さらに近年、当社のビジネスもますますグローバル化しています。現在、上海、香港、台湾、シンガポールの4都市に拠点を設置していますが、近くタイにも新たなブランチを開設する計画です。グローバルなフィールドで力を発揮できる人にも多くの活躍の場があります。ぜひ多様な人に仲間に加わっていただきたいですね。

「食」に留まらず、文化振興にも尽くすことで生活を、社会を豊かにしたい

―― 事業だけでなく、ぐるなびがさまざまな文化・芸術の振興に貢献していることは、意外と知られていません。どのような活動に取り組んでいるのか、またその狙いはどこにあるのかをお聞かせください。

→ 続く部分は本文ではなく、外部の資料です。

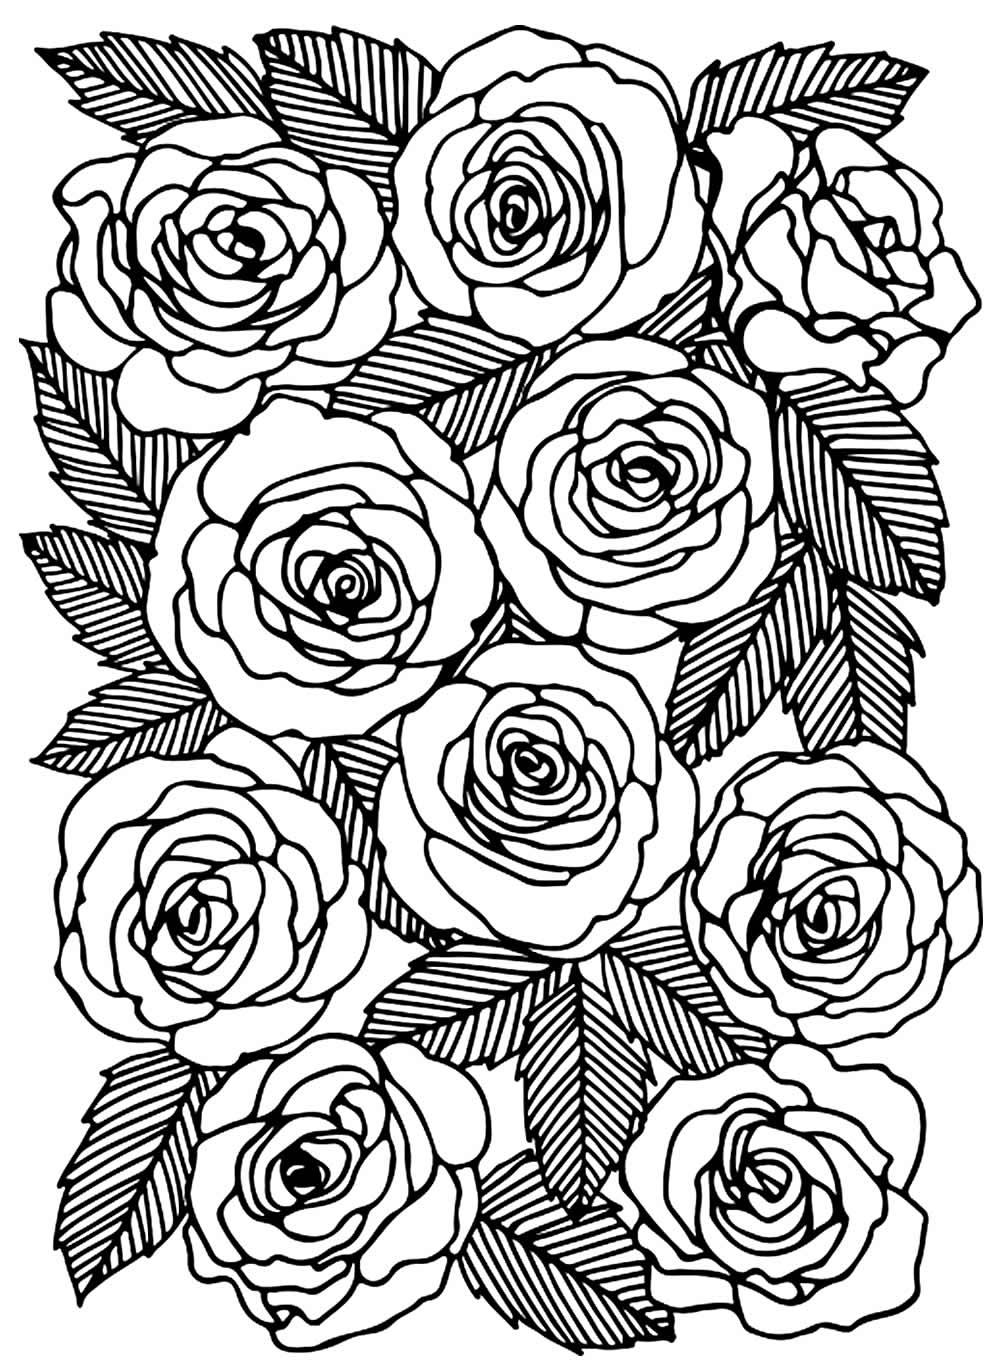 Molde de rosas para artesanato
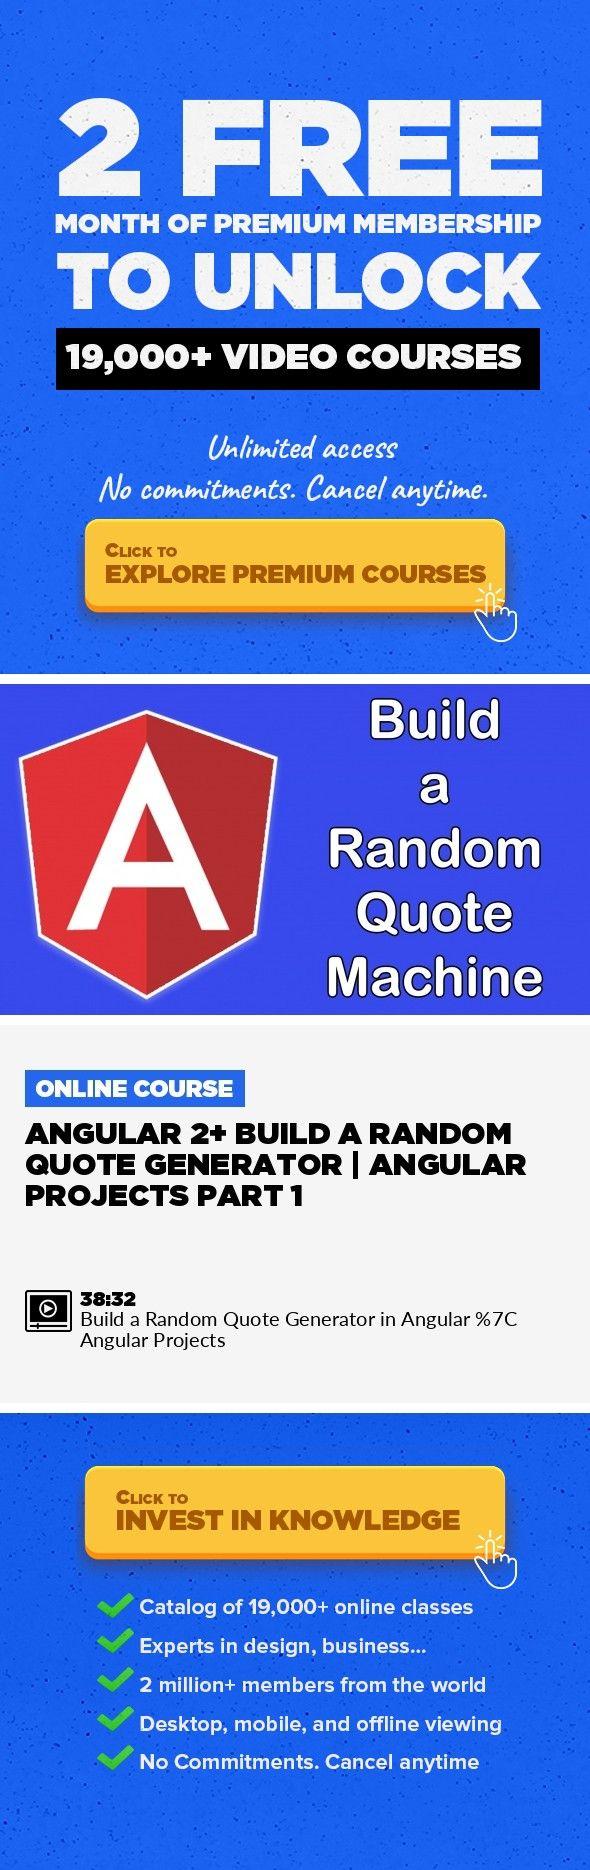 angular 2 build a random quote generator angular projects part 1

ぐるなびの会長・創業者である滝久雄が代表を務める(公)日本交通文化協会では、芸術・文化振興の一環として、これまでに全国の駅や空港、学校などに520点を超えるパブリックアートを設置してきました。「人々が普段の生活の中で芸術に親しむことにより、社会のモラルが高まる」というのが滝会長の信念。日本の公共事業費の1%にあたる予算が芸術や文化の振興にあてられることを願い、「1%フォー・アート」を提唱しています。とりわけ日本は欧米に比べて芸術や文化を尊ぶ意識はまだ低い。それを変えていくための活動に取り組んでいます。


2018年2月には、滝が寄付を行うことで、母校である東京工業大学に国際交流施設が建設されると発表されました。ここを拠点に留学生と日本人学生が交流してグローバルなコミュニケーションを活発にし、多様性への理解を深めてほしいと願ってのことです。

―― 文化・芸術活動への取り組みは一見、事業とは関わりがないように思えますが、そこに共通点はあるのでしょうか?

滝会長がぐるなびの事業を開始した時から、「食は文化である」という視点は一貫して変わっていません。滝は常々「日本は確かに経済的には豊かな国になったかもしれない。しかしこれからは『文化』で世界に尊敬される国であるべきだ」と語っています。「食」もまた文化の一つです。それを守り育てることは、日本の文化を、さらには社会を豊かにすることに貢献すると私たちは信じています。


さまざまな分野にマルチに事業を拡大しているように見えるぐるなびですが、実はその背景には一貫して「日本の食文化を守り育てる」という強い思いがありました。その変わらぬ企業姿勢が、多くの顧客の厚い信頼を獲得し、また日本中のぐるなび利用者の支持を集める理由だと、山本さんの話を聞いてよくわかりました。ぐるなびがこれから次代に向けて、どのような新しい食の価値や文化を創出していくのか、期待が膨らみます。